### GIVEN MATERIAL

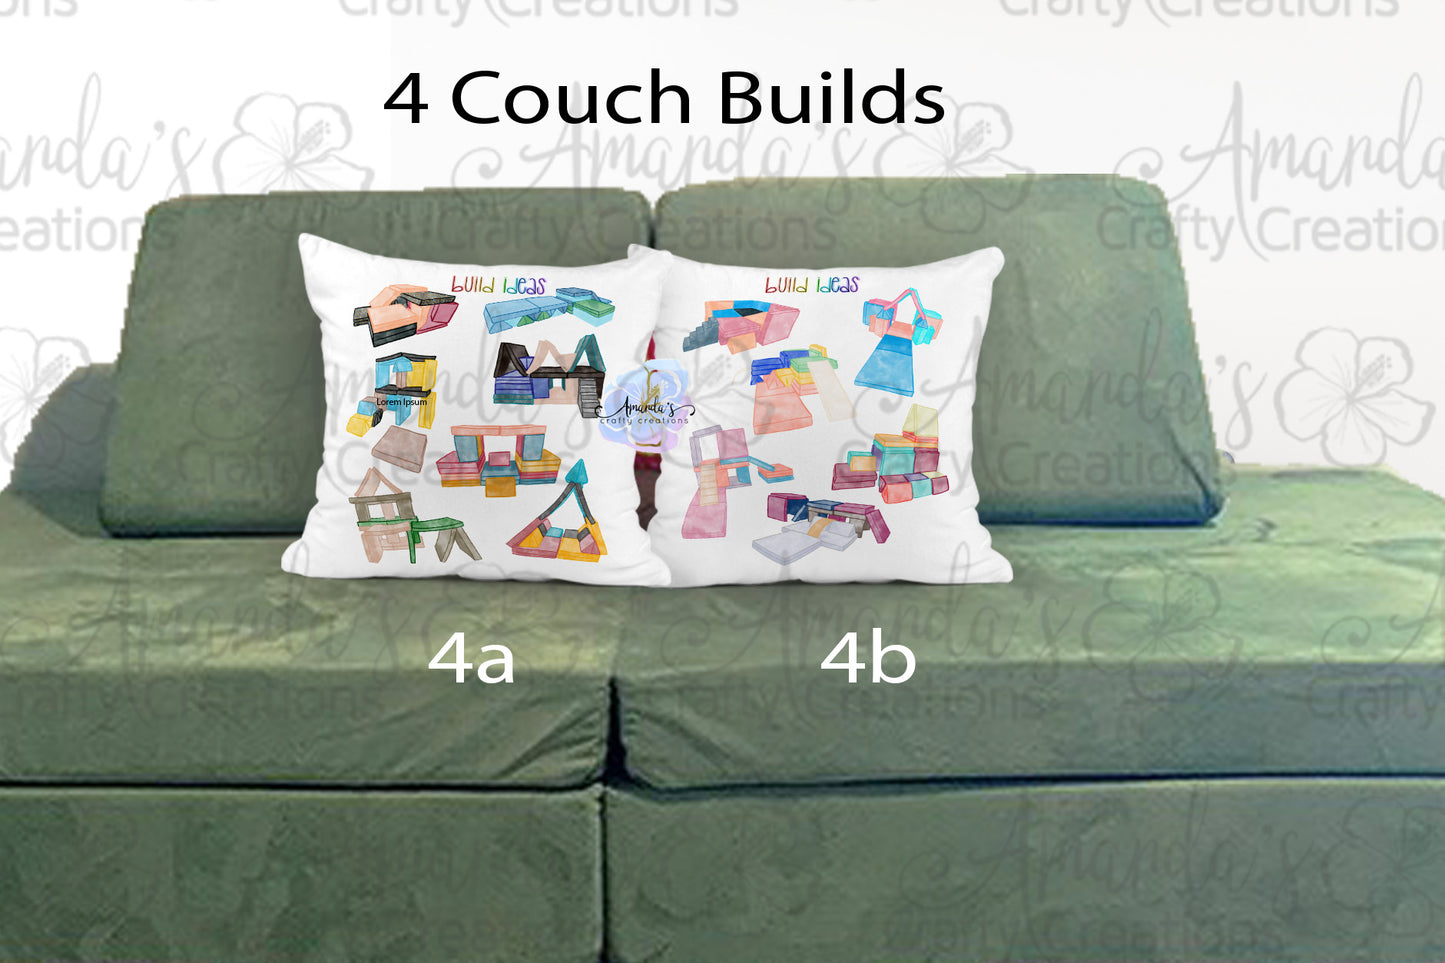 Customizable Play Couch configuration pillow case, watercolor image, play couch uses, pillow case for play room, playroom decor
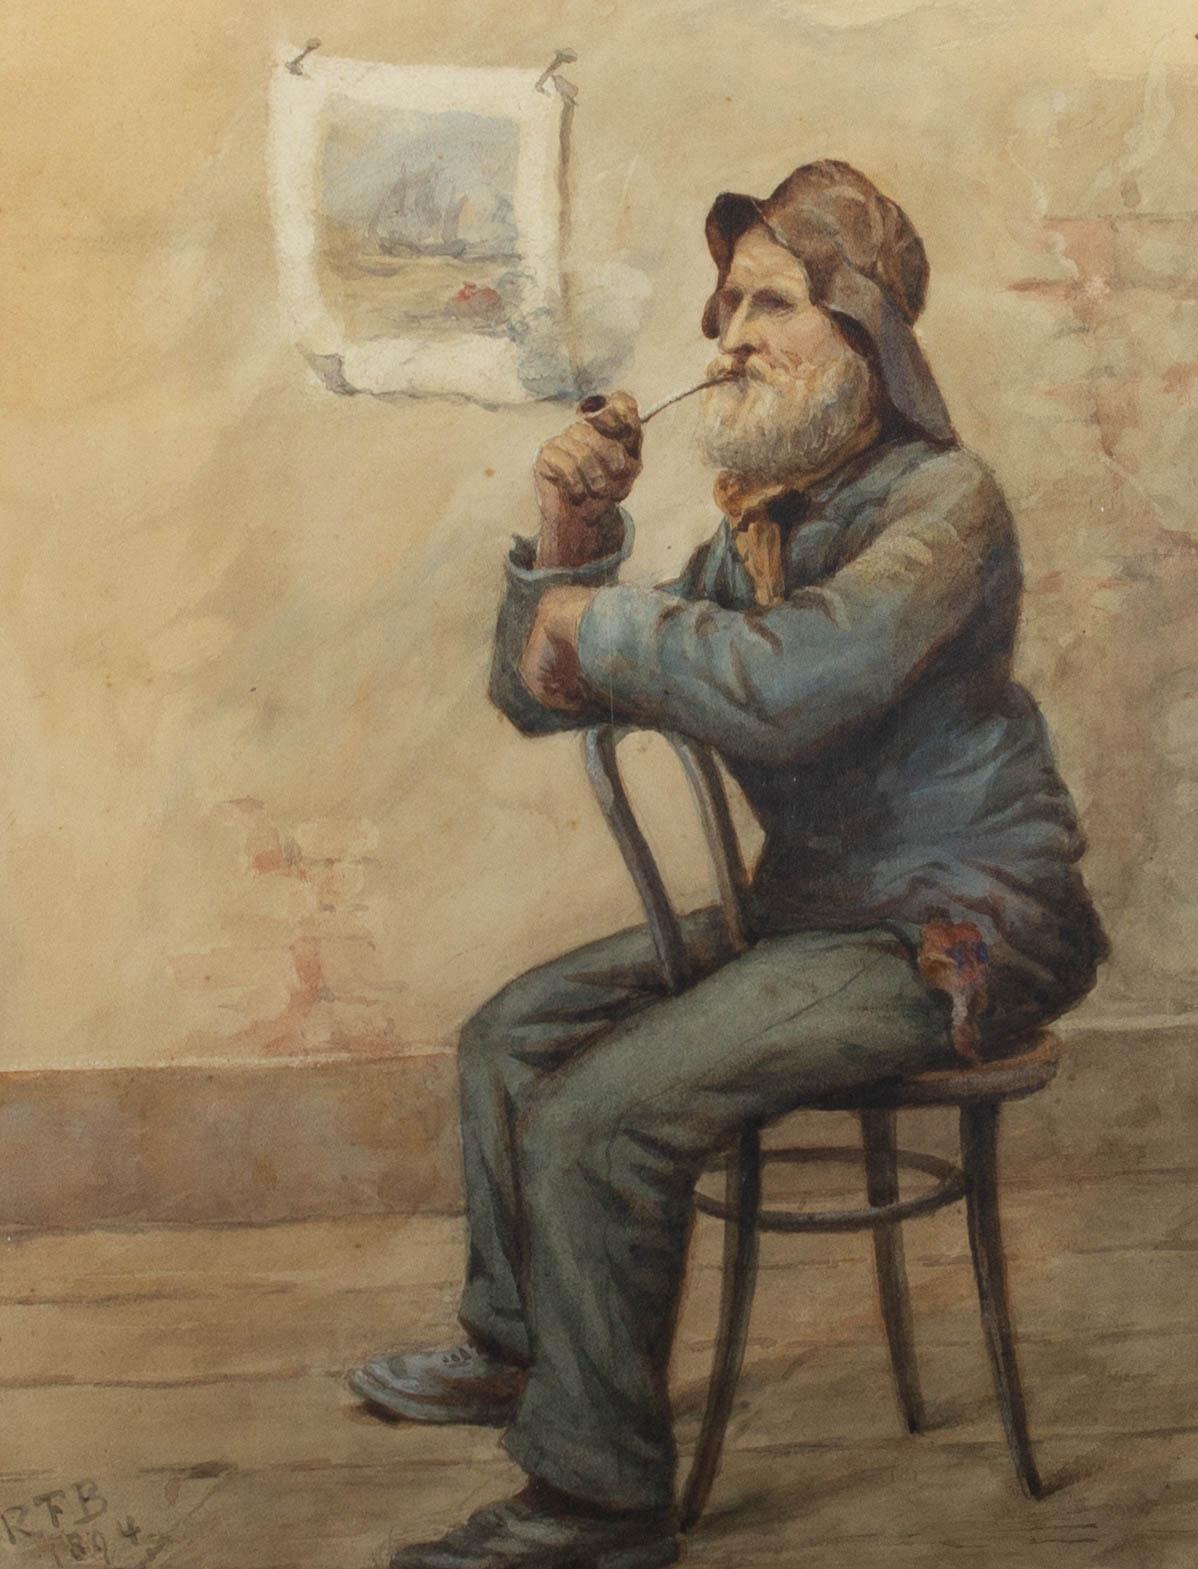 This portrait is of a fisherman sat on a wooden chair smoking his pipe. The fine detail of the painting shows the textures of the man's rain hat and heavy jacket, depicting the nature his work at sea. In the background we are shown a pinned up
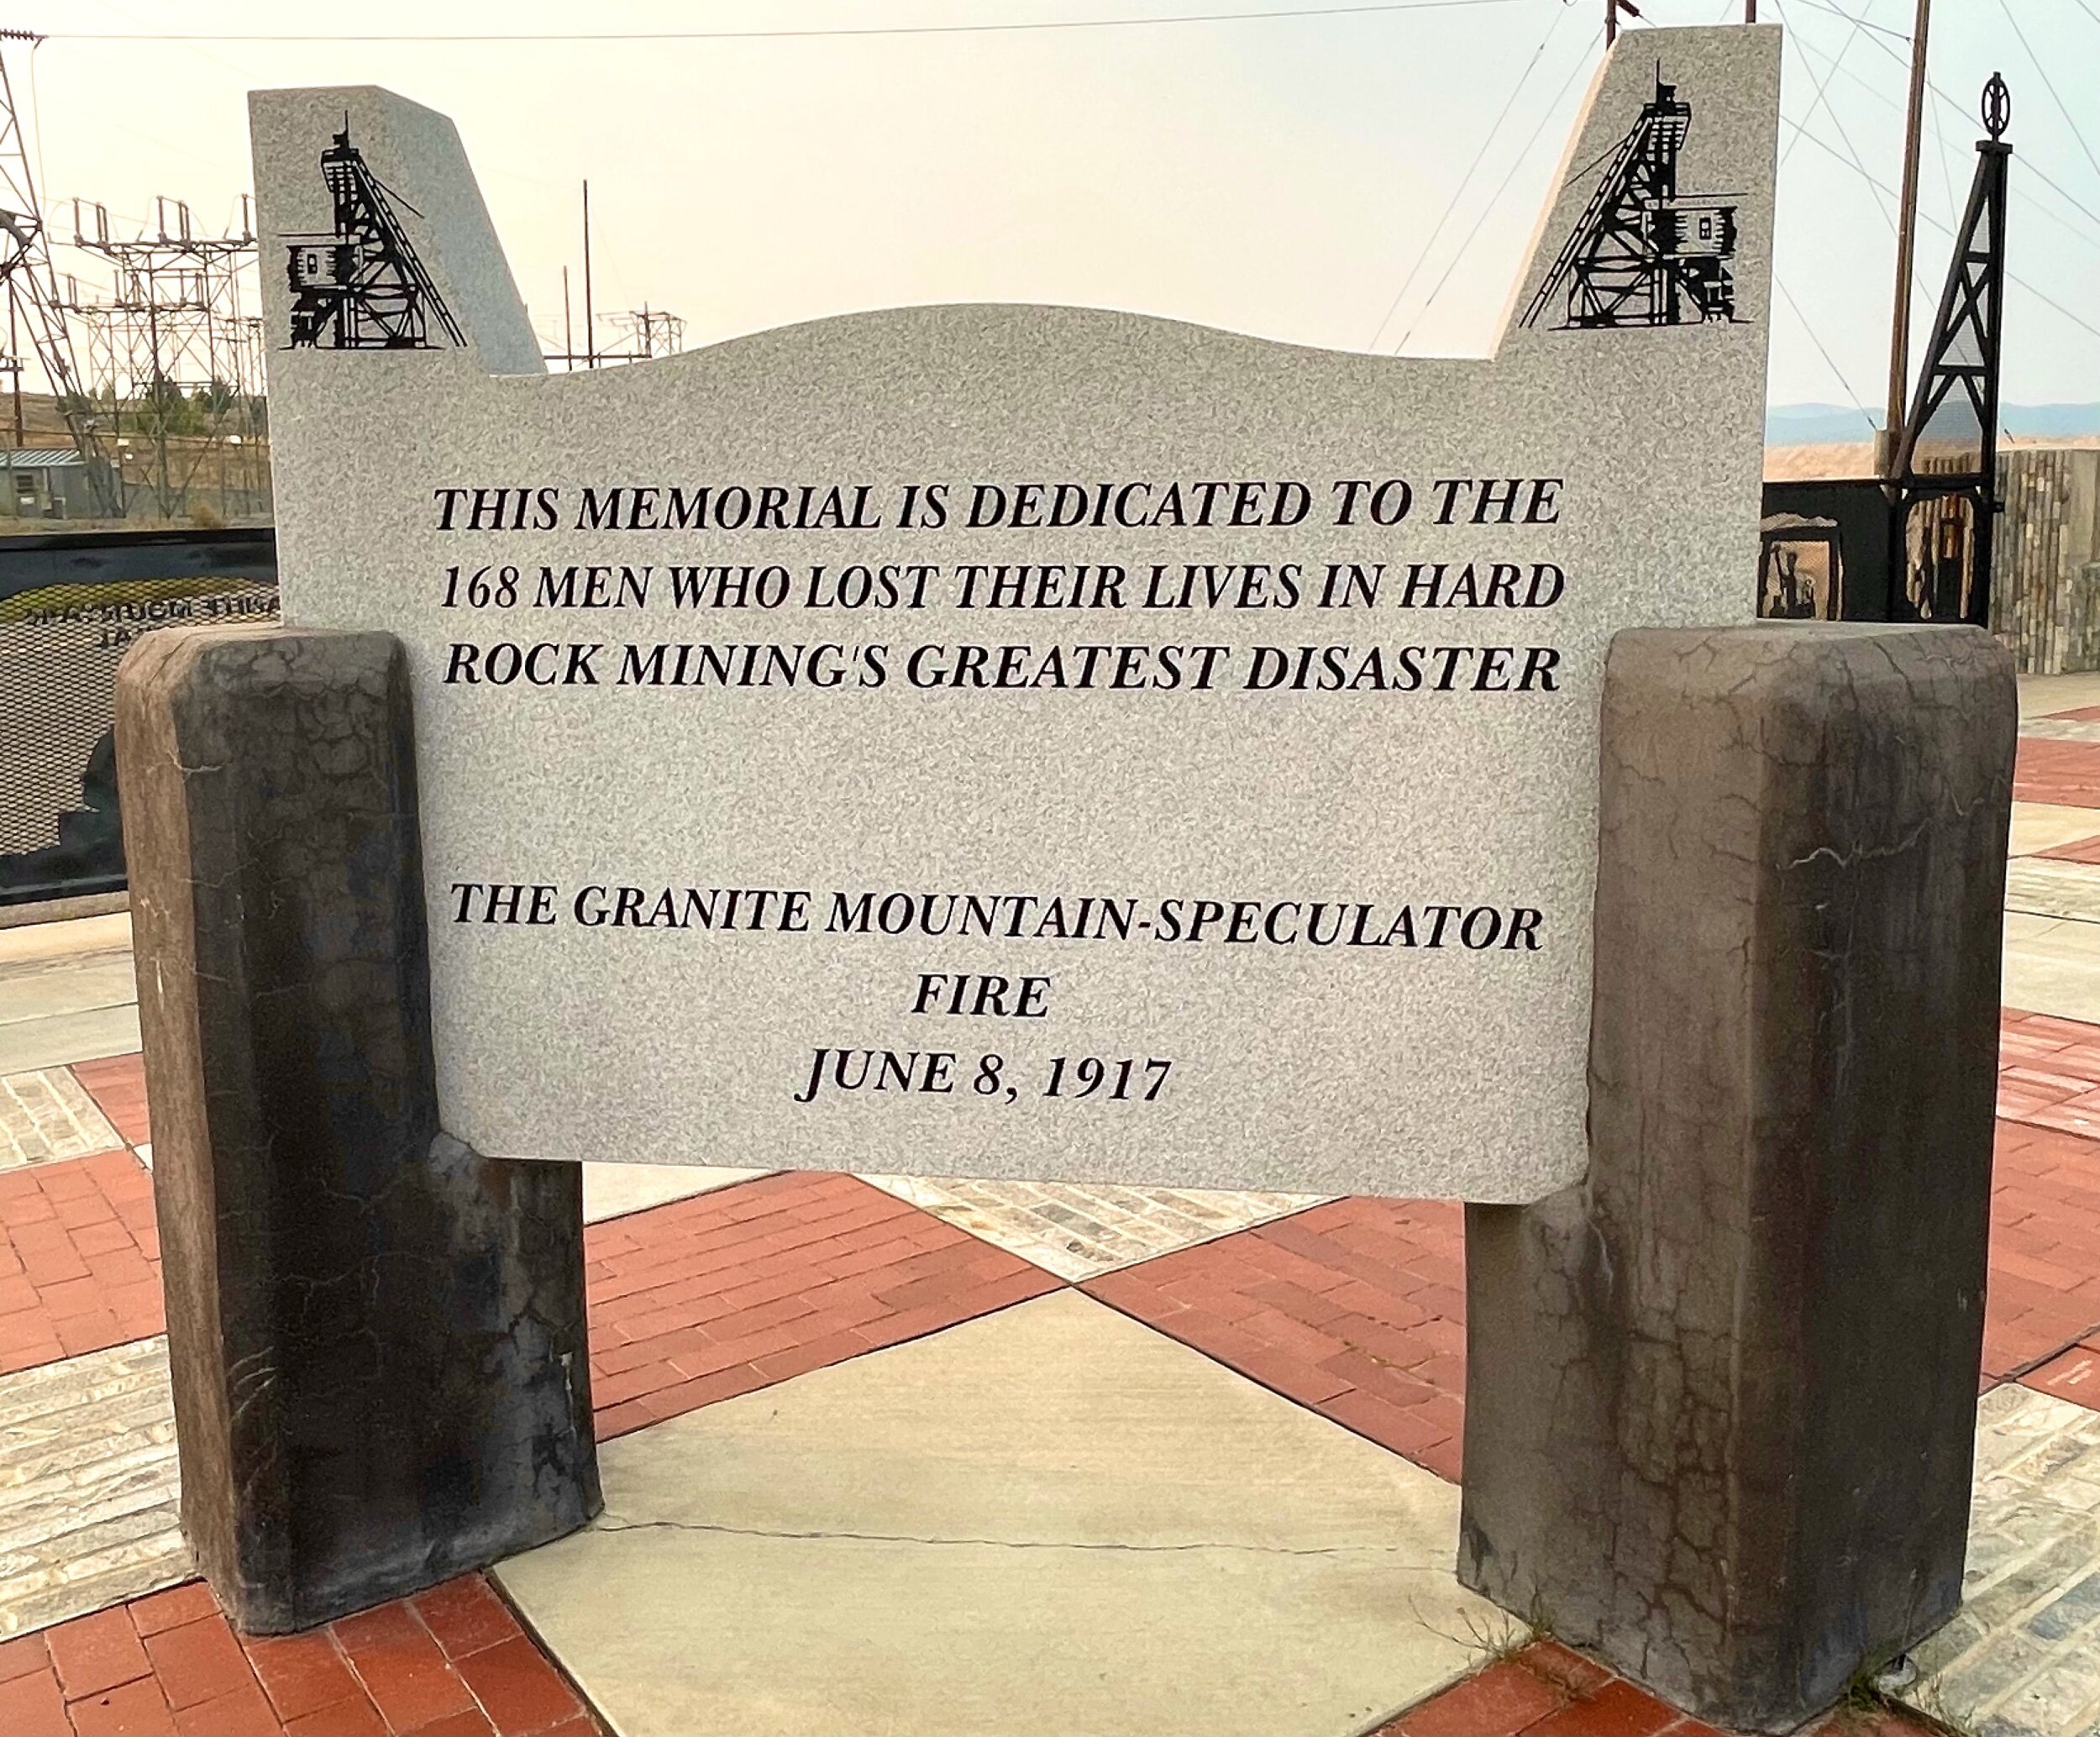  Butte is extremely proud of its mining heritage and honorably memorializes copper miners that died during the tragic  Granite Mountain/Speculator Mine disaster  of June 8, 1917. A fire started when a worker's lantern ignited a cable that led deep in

######

* _EXERCISE DETAILS_:
Set down the material above as is, without any pictures.

* _OUTPUT_:
 Customizable Play Couch configuration pillow case, watercolor image, play couch uses, pillow case for play room, playroom decor
 This portrait is of a fisherman sat on a wooden chair smoking his pipe. The fine detail of the painting shows the textures of the man's rain hat and heavy jacket, depicting the nature his work at sea. In the background we are shown a pinned up
  Butte is extremely proud of its mining heritage and honorably memorializes copper miners that died during the tragic  Granite Mountain/Speculator Mine disaster  of June 8, 1917. A fire started when a worker's lantern ignited a cable that led deep in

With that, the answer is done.